In S10), filter-pressing and washing were performed: filter-pressing and washing were performed by a plate-and-frame filter press, and a filtrate and a washing liquid were combined to enter a wastewater treatment station; and a filter cake was crude iron phosphate, and entered the next working procedure.
In S11), reverse three-stage washing to remove impurities was performed: the crude iron phosphate filter cake was stirred and reversely washed for three times with a washing liquid with a PH value of 1.5 to wash away other metal salts in the crude iron phosphate, so as to obtain a pure iron phosphate filter cake, wherein the steps were as follows. In (1), a washing liquid was prepared: 18 m3 of pure water was added to an acid adjusting barrel of 20 m3 of pure water, and added with guaranteed pure hydrochloric acid to prepare a liquid with a pH of 1.5 for later use.

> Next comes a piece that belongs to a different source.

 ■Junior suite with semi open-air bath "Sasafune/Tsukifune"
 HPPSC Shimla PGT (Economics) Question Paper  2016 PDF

In (2), first washing was performed: the crude iron phosphate filter cake was added to second washing water according to a mass ratio of 1/5, the mixture was stirred for 30 minutes, filter-pressing and washing with the second washing water were performed, and a filtrate and a washing liquid entered the wastewater treatment station; and a filter cake entered second washing.
In (3), second washing was performed: the crude iron phosphate filter cake was added to third washing water according to a mass ratio of 1/5, the mixture was stirred for 30 minutes, filter-pressing and washing with the third washing water were performed, and a filtrate and a washing liquid were used for the first washing; and a filter cake entered third washing.
In (4), third washing was performed: the crude iron phosphate filter cake was added to new washing water according to a mass ratio of 1/5, the mixture was stirred for 30 minutes, filter-pressing and washing with the new washing water were performed, and a filtrate and a washing liquid were used for the second washing; and a filter cake was used as pure iron phosphate, and a drying procedure was entered after qualified detection.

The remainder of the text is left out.